Who will bear the financial burden of how this larger long-term fiscal debt problem will be resolved remains to be determined. One can imagine a number of equally plausible scenarios. The most desirable would be one that arose from a well-thought out strategy entailing many “politically difficult” measures sequenced over time: with some increases in tax rates and revisions in the tax code (e.g., reducing some present tax subsidies), significant efforts at rationalizing how and what medical services are provided, adjustments in coverage and eligibility for medical benefits, cutbacks in inefficient or less meritorious government programs, adjustments in the social security system in the form of higher payroll taxes or delayed ages for benefit eligibility (see Eugene Steuerle’s recent blog for some obvious candidates for reform ttp://mail.google.com/mail/?shva=1#inbox/11e4b24bf419a3e9). Another scenario might entail a far more comprehensive revision of the way in which medical care is delivered and financed, coupled with some less dramatic revisions to taxes and expenditures. Still another might reflect a far less strategic approach, involving ad hoc tax increases, brutal expenditure cuts, and ad hoc adjustments in the Medicaid or Medicare system. And finally, of course, using inflation to reduce the real value of a government’s debt is an approach many governments have used in the past, with large and long-term harm, both to individual households and to the government’s financial credibility. Regrettably, these latter solutions have been the outcome too often in the past.

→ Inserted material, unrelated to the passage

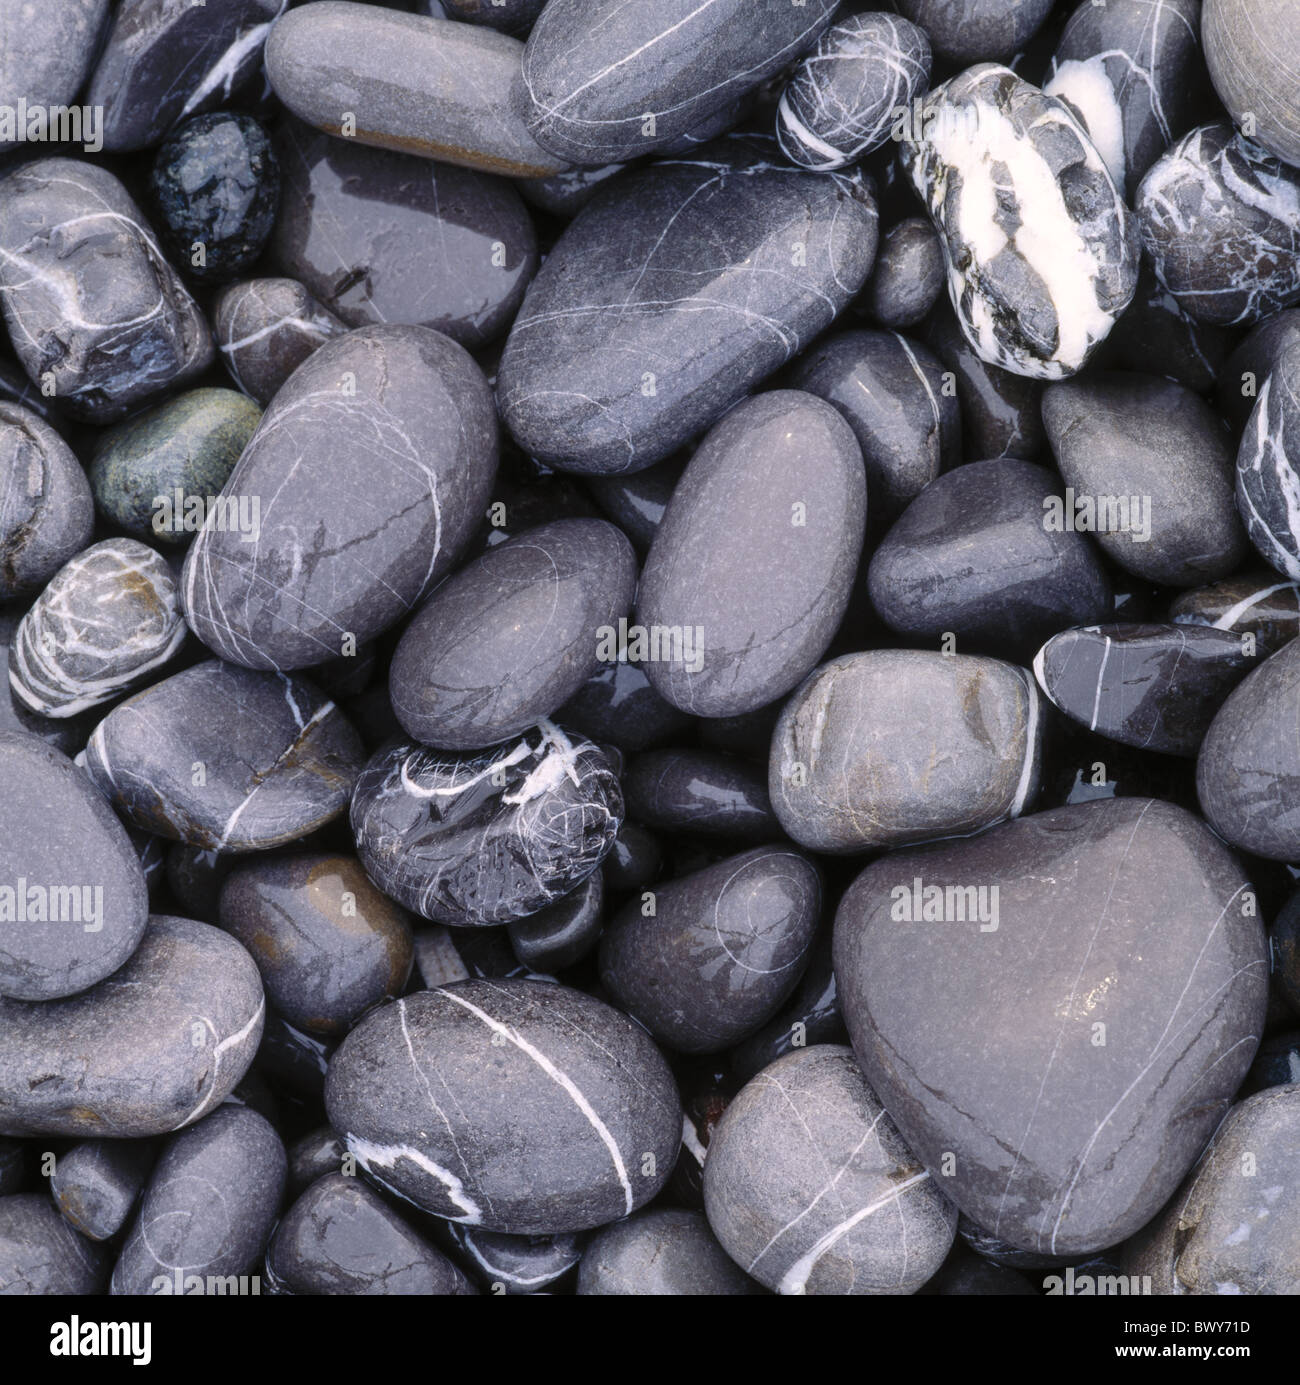 pattern figured brilliant gray wet stones passed away stones structure background Stock Photo

How individual American households—of different income groups, from different generations, and from different sectors—would be affected by these very different ways in which the problem might be resolved would need to be analyzed carefully. A major part of these effects would be reflected in higher taxes, lower benefit incomes, a higher cost of public services, and a need to defray some costs that had been previously been financed by the government. But another important part of the effect would be reflected, say, in diminished access to real and useful government services or reduced availability of some medical care that had heretofore been provided by the government. Some groups in society might be affected far more than others—for example, if there were a major restructuring of the medical care system. Equally, some approaches—such as an increase in inflation--would certainly affect creditors and, as we have long known, would disproportionately affect those with a more limited ability to adjust their assets to an inflationary environment. What is important to acknowledge and clarify is that different approaches would affect different households in different ways, but the effects would be real and substantial.

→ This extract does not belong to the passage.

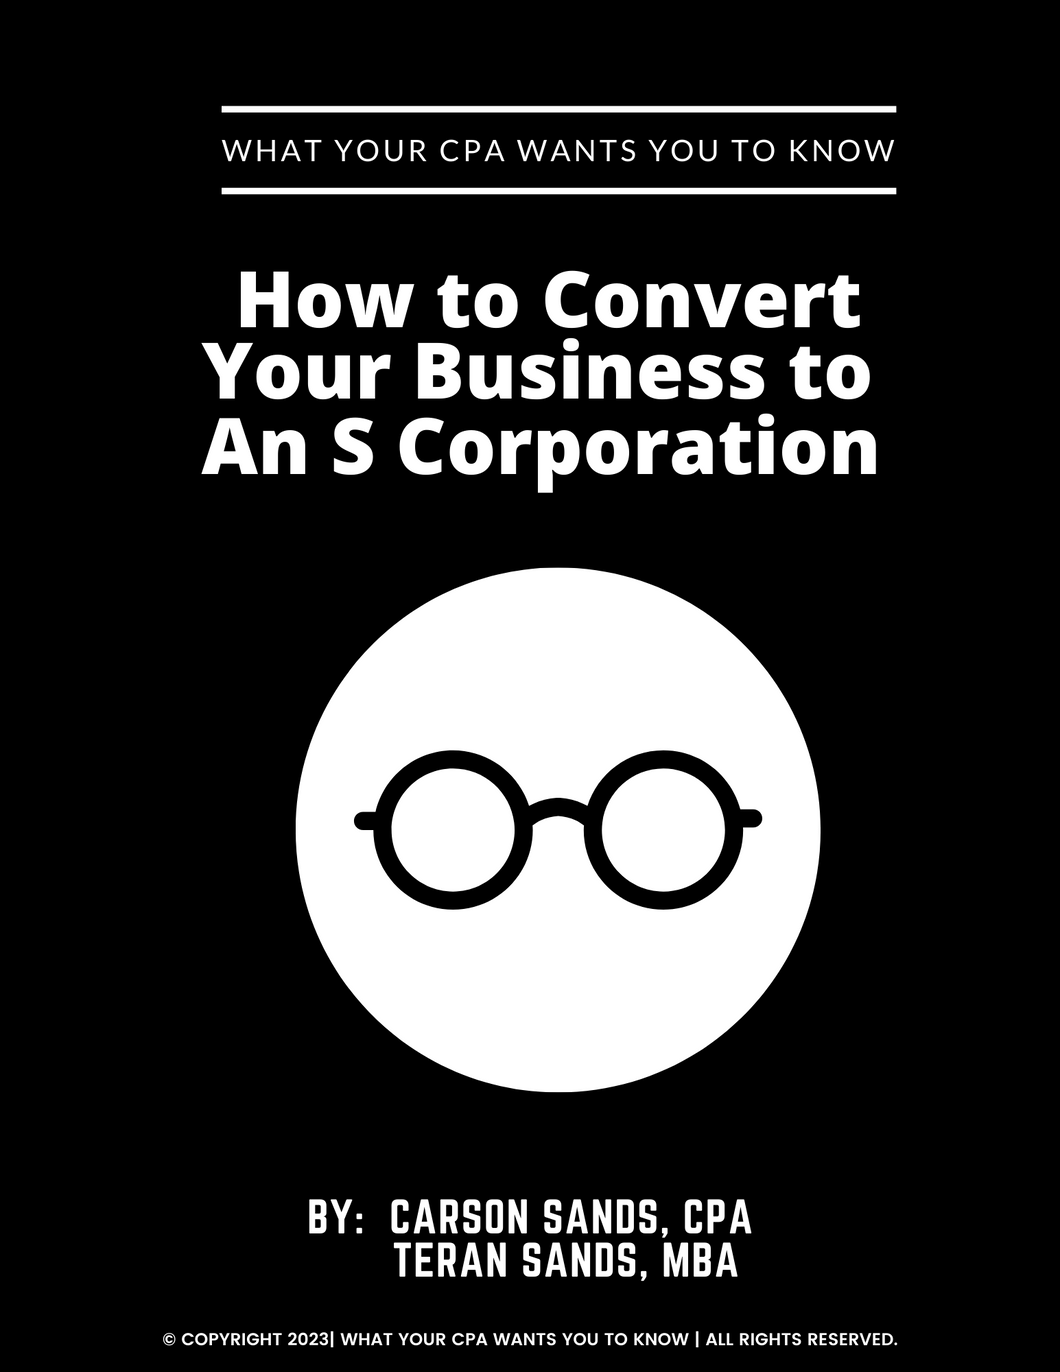 How to Convert Your Business to an S Corp

Perhaps the best way to motivate political action would be to explore a few alternative scenarios and to illustrate specifically and transparently who would bear what part of the burden. Let the American public come to grips with the stark reality of the possible consequences of a well-thought-out strategy as opposed to an ad hoc, unplanned approach or recourse to inflation. The chips will fall, but they do not have to fall in an unintended way. Equally, some policy solutions will involve far less harm to America’s long-run interests. Others will not only be costly, but inefficient and damaging to America’s security and long-term interests.